### [Action item]
The listing below must be returned in full and unchanged, without the images it carries.

### [The data]
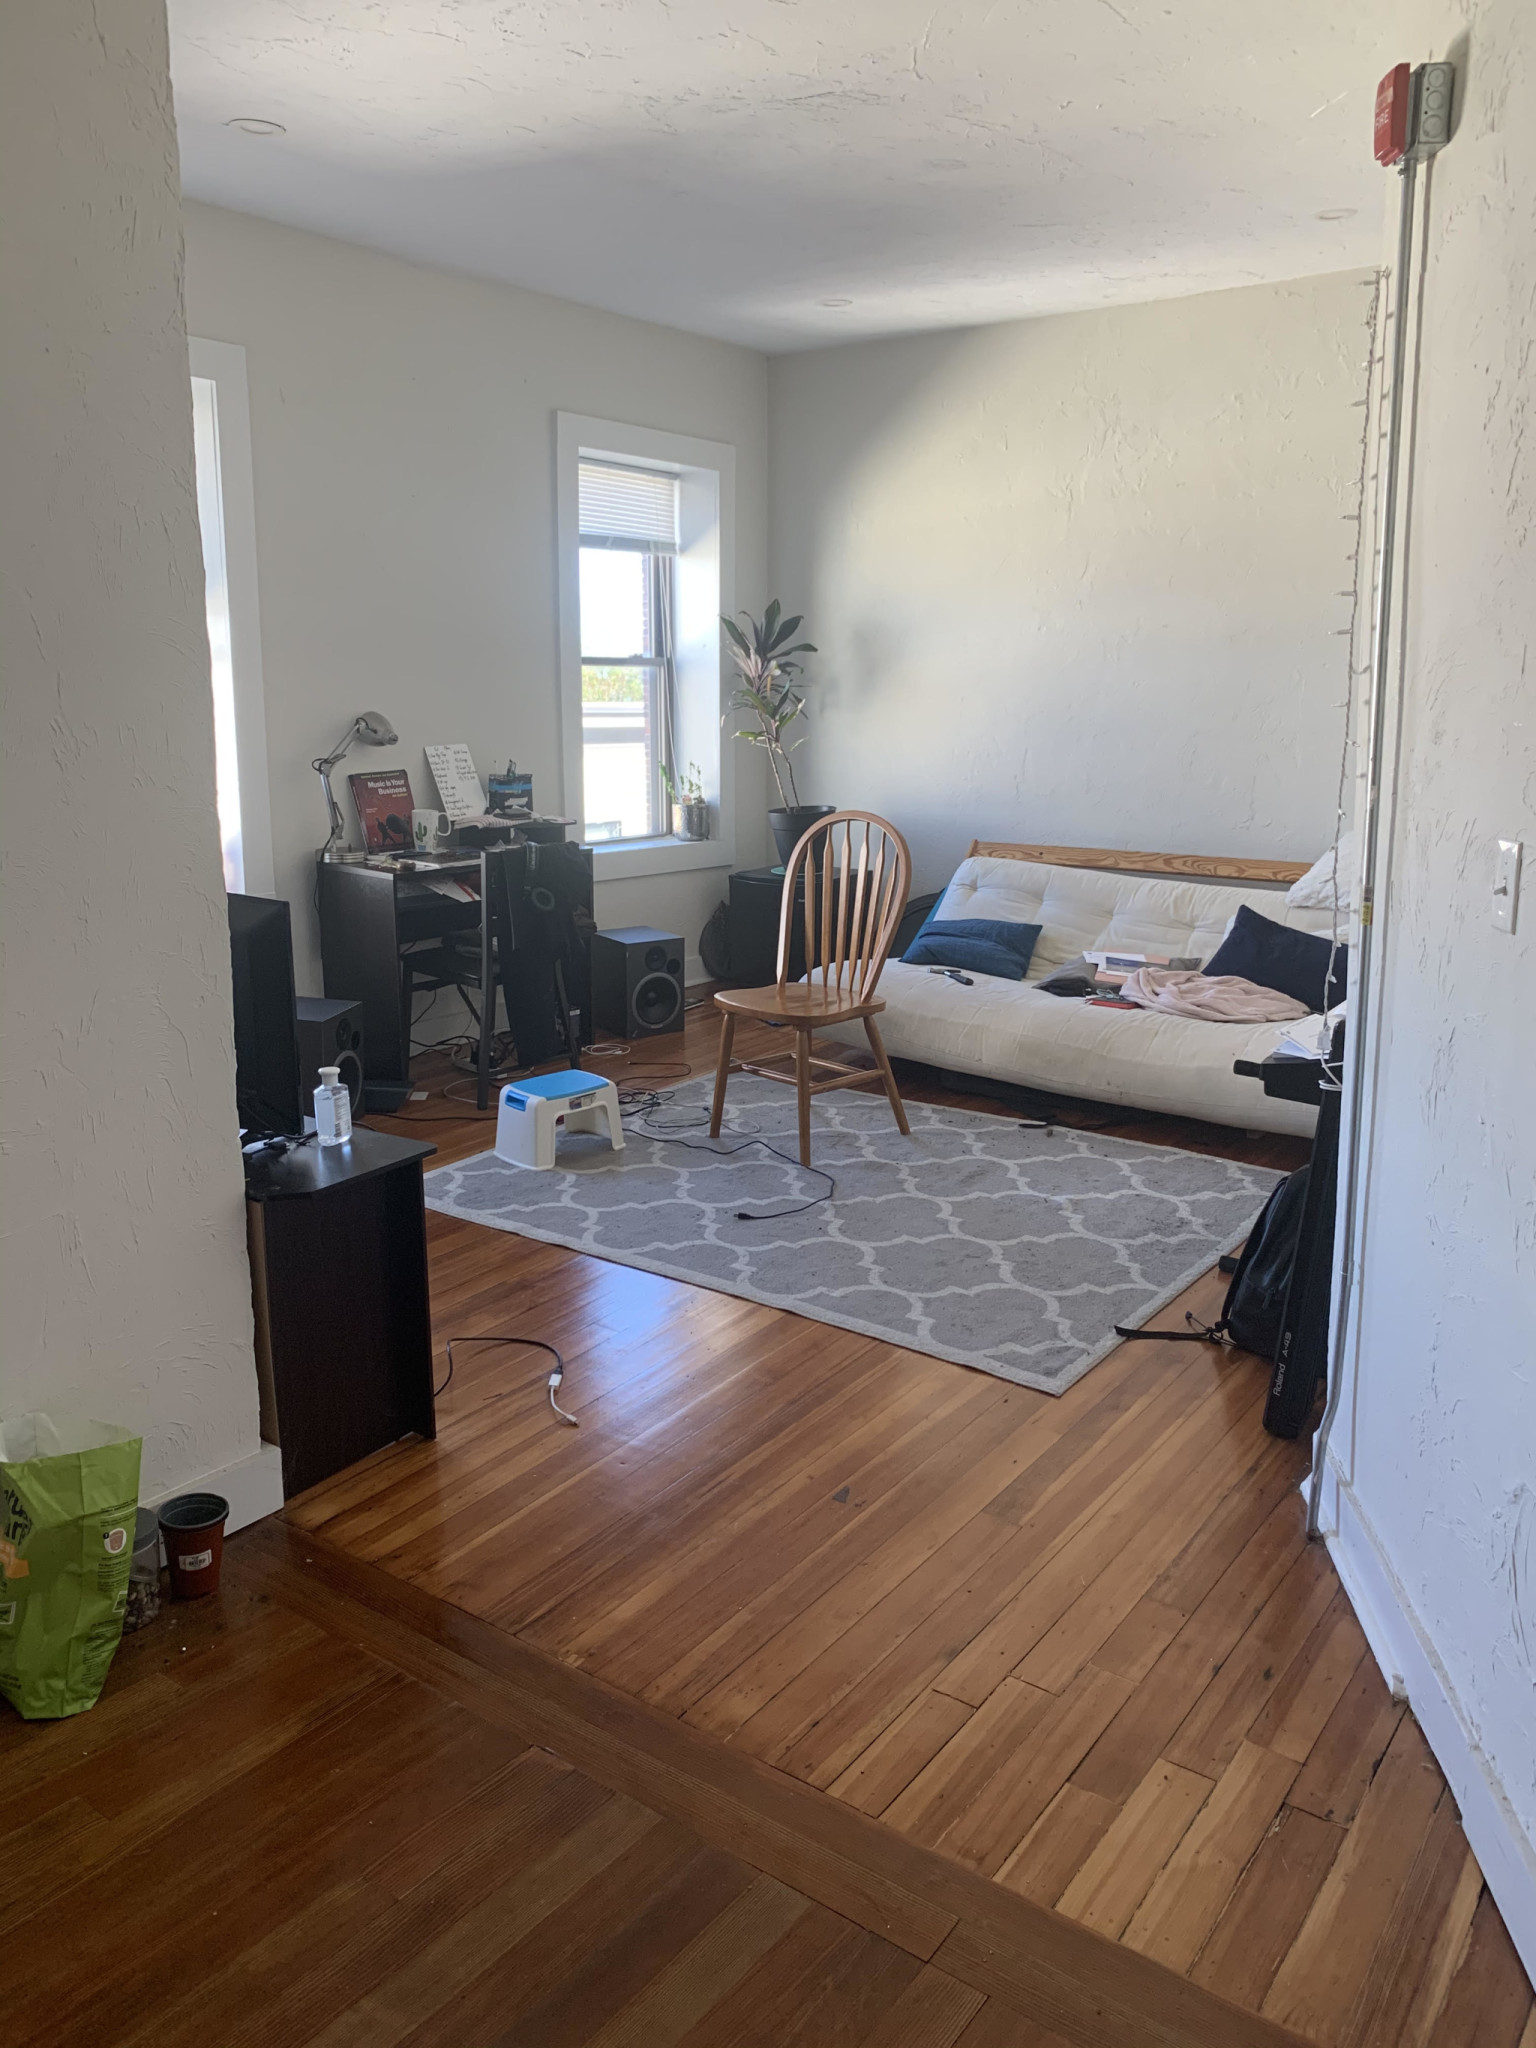 Photos of apartment on Boston St.,Boston MA 02125
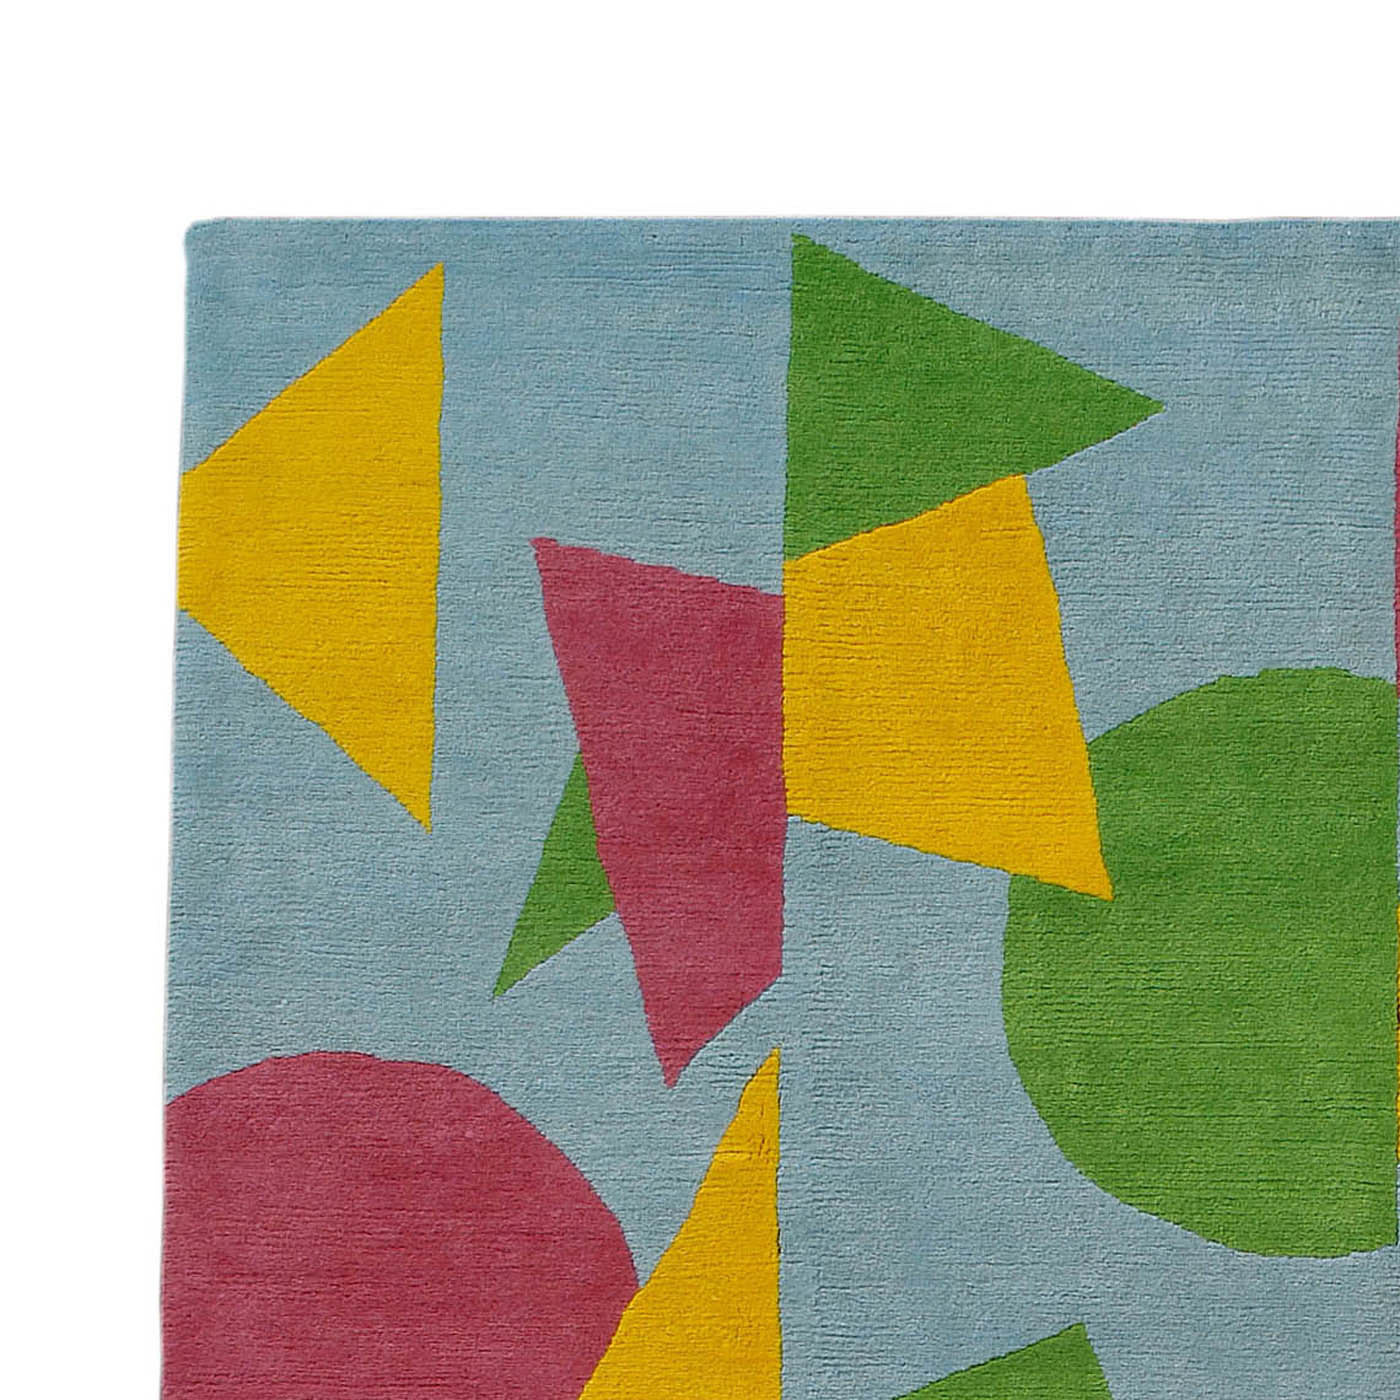 AM5 Carpet by A. Mendini - Post Design - Memphis
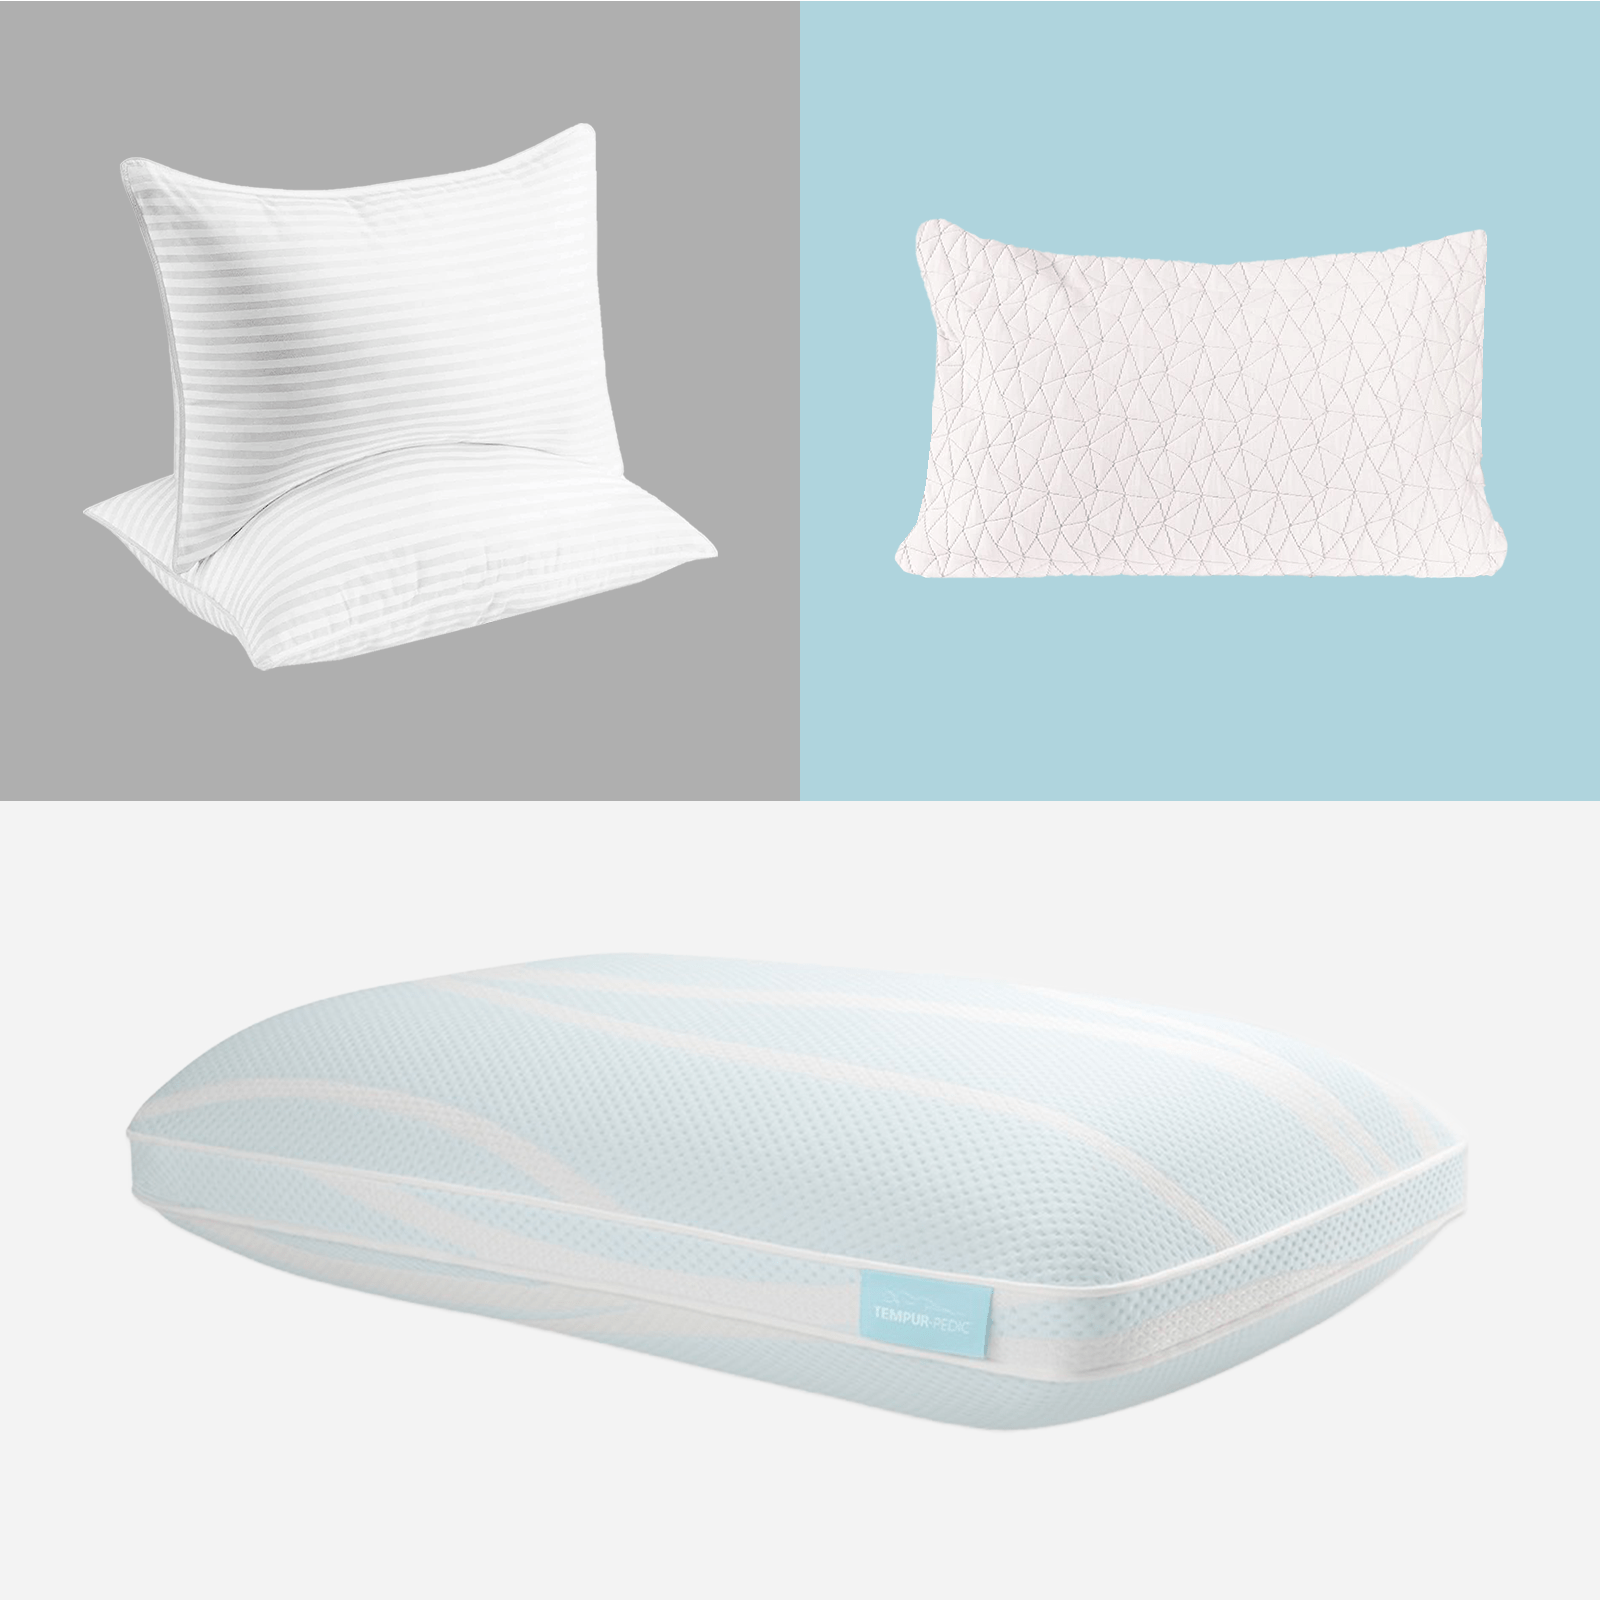 https://www.rd.com/wp-content/uploads/2023/01/best-cooling-pillows-ft-via-merchant.png
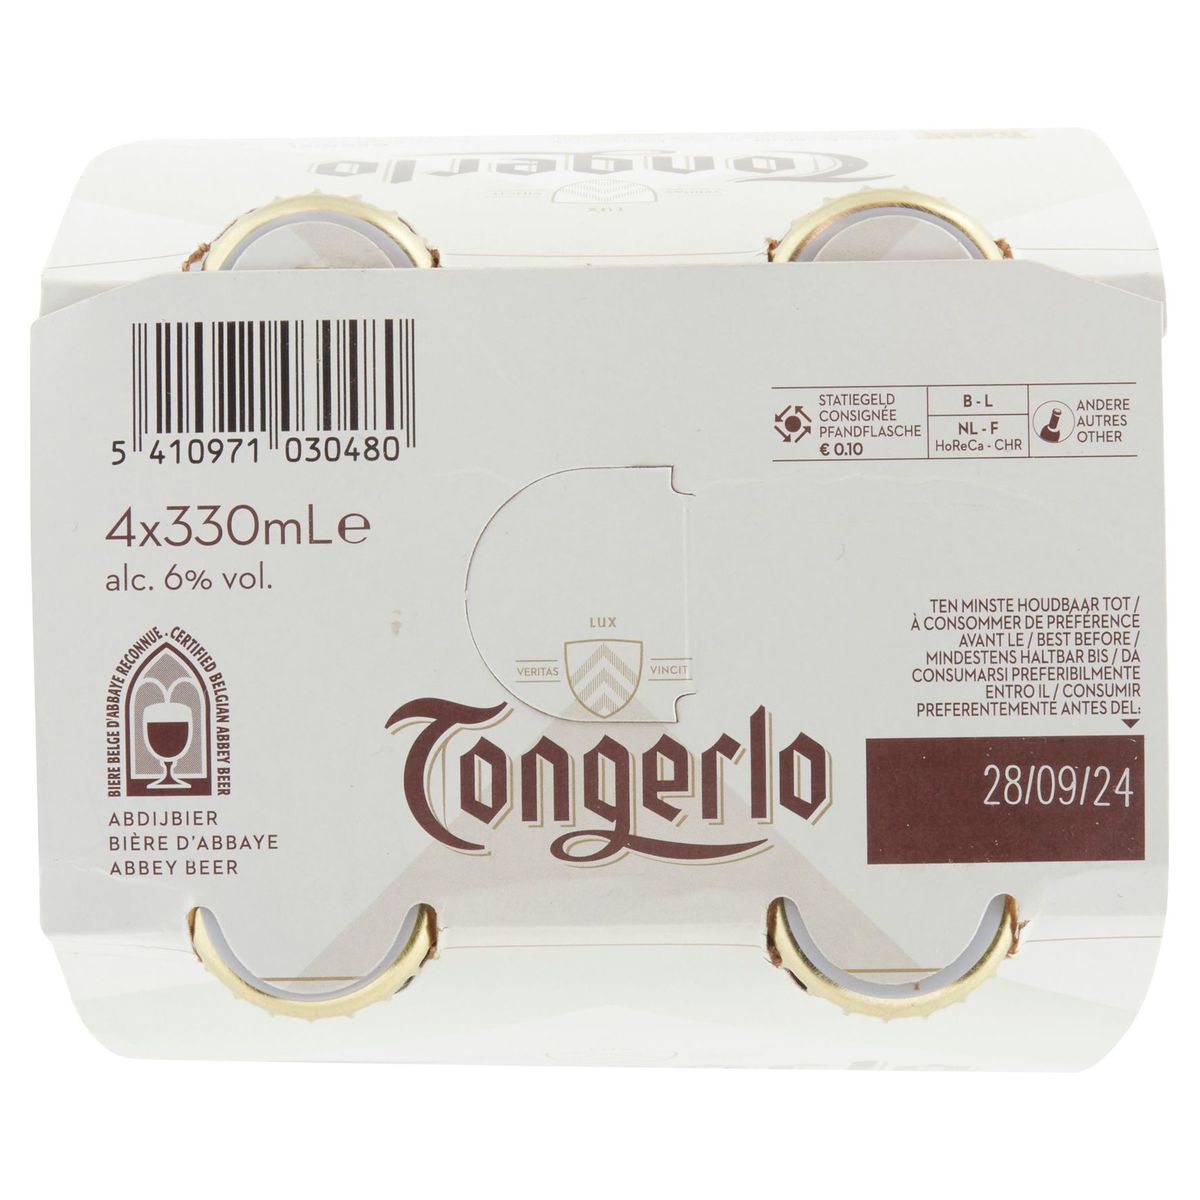 Tongerlo Blonde - Authentique bière belge d'abbaye - Bouteilles 4x33cl

### [Answer box]
 Photos of apartment on Boston St.,Boston MA 02125
 AM5 Carpet by A. Mendini - Post Design - Memphis
 https://www.rd.com/wp-content/uploads/2023/01/best-cooling-pillows-ft-via-merchant.png
 Tongerlo Blonde - Authentique bière belge d'abbaye - Bouteilles 4x33cl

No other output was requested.